Get this - I get home tonight and there's a message on my home phone from a local Dish Installer, they said they can be out Friday between 8 - noon to install. They said to call DISH Network to change the date if I had a problem with that date or time. No local phone number was left, just a "See you Friday". Luckily I was planning on working out of the house on Friday anyway. I called Dish Customer Service to verfy with them that the equipment would be available. Once again tonight, I got what sounded like an Overseas Customer Service Group. They said the equipment is NOT available and that the installer will probably call back to cancel before Friday. 

What in the hell is going on at DISH?? Is the problem overseas customer service?? Or their installers here in Metro Detroit?? This is starting to get ridiculous! We'll see Friday if I'm a happy DISH Customer, or I rip my dish off the roof . . .


----------



## Ken Green (Oct 6, 2005)

sNEIRBO,
I got the same 866 reschedule/$20.00 credit calls from Dish, the day before, the day of, and twice, the day after the install was done. I just ignored them.

The second call the day after the install was done, the w/o had been closed because the install had already posted in recent activity on my account.

Perhaps the time difference US > India.


----------



## ngiovas (Jul 21, 2006)

kdg454 said:


> sNEIRBO,
> I got the same 866 reschedule/$20.00 credit calls from Dish, the day before, the day of, and twice, the day after the install was done. I just ignored them.
> 
> The second call the day after the install was done, the w/o had been closed because the install had already posted in recent activity on my account.
> ...


 I just posted about this in another thread before reading this one. I just got this recorded call telling me to reschedule my appointment for Sunday. So there may be a chance they can make it? I called and told them to close the account and they said to give them 24 hours to see what they can do to make it up to me. I'm hoping they keep my Sunday appointment.

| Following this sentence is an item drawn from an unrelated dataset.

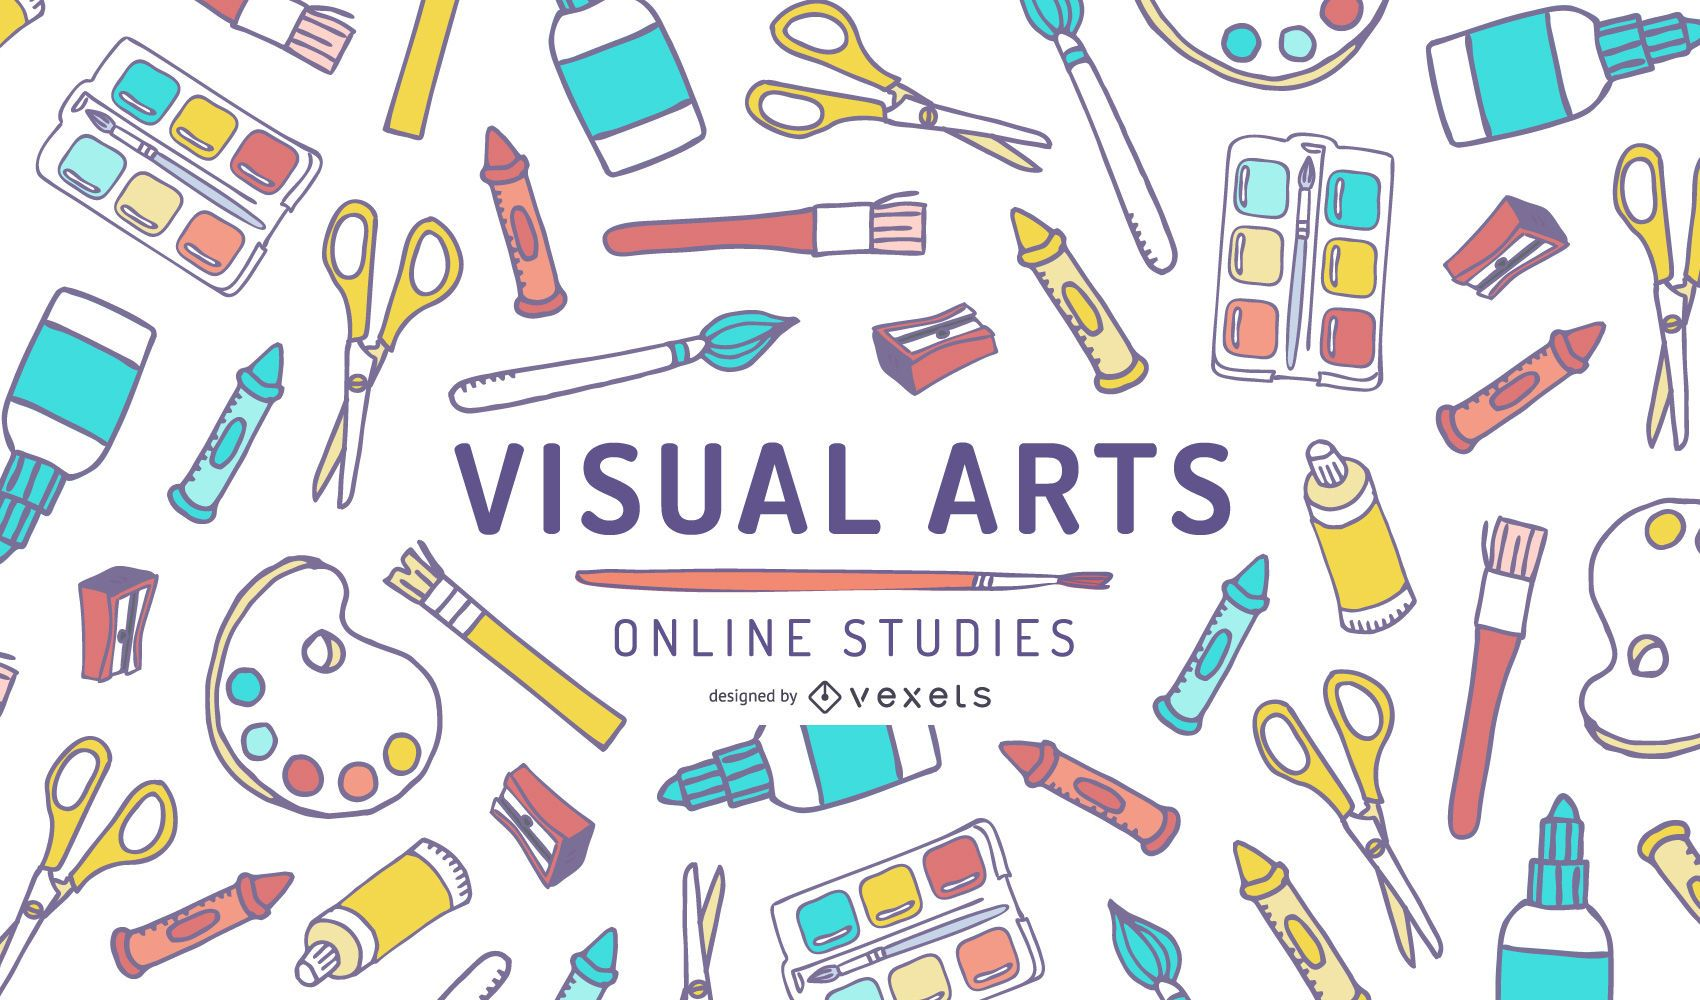 Visual Arts Online Studies Cover Design

I'm willing to stick with D*, but I really want the Detroit locals and HD DVR.


----------



## micklewhite (Jul 22, 2006)

*DISH Adds St. Louis, Detroit HDTV *

should be

DISH Adds St. Louis, Detroit DTV, right kdg454?


----------



## sNEIRBO (Jul 23, 2006)

Looks like I'm a "sort of" satisfied DISH Customer this afternoon. The 1000 PLUS is installed and I do have the Detroit Local HD channels. My only disappointment is that the dish could not be installed on my roof, it had to be mounted on a pole. The pole is 6 feet from the side of my house . . . I'm waiting for the neighbors to start complaining about it. I'll have to do a little landscaping to make it look better.

The installer said that because of the weight of this new reflector, the LNBs, etc. that DISH is now recommending an install off of the roof. Either mounted to a wall, or on a pole. To do a wall mount wouldn't have worked due to some trees blocking the line of sight. So it had to go on a pole.

As far as the performance of the dish I am very impressed! All of the Sat signal levels went up -

110 went from low 60s to mid 90s
119 went from mid 80s to 107
129 went from low 60s to high 80s

Can someone who has the HD locals tell me is it possible to show the HD Sat Locals in the guide in the local number range?? What I mean is Detroit FOX2 is 6462 on DISH, is there some way to move it so that it shows up as channel 2, or 2-02 (2-00 is Sat SD, 2-01 is OTA HD). Before I start getting slammed for having an OTA and the Sat HD Locals, I live in an area of Detroit where my signal for FOX2-HD is usually less than 50, and it drops out so badly it's impossible to watch anything off of that channel. This was the main reason I wanted to Sat local HDs so I could receive FOX-HD finally.


----------



## Ken Green (Oct 6, 2005)

Change the Mapping Priority of your locals to HD. It is in the Menu > System Setup > Locals page. (Menu >6 >9) Your SD locals will remain with their 8xxx channel number, and your HD locals will also remain with their 6xxx channel number, but the 622 will then map down the HD locals in the EPG instead of the SD locals. Your OTA's will remain above your HD locals with the -01 designation.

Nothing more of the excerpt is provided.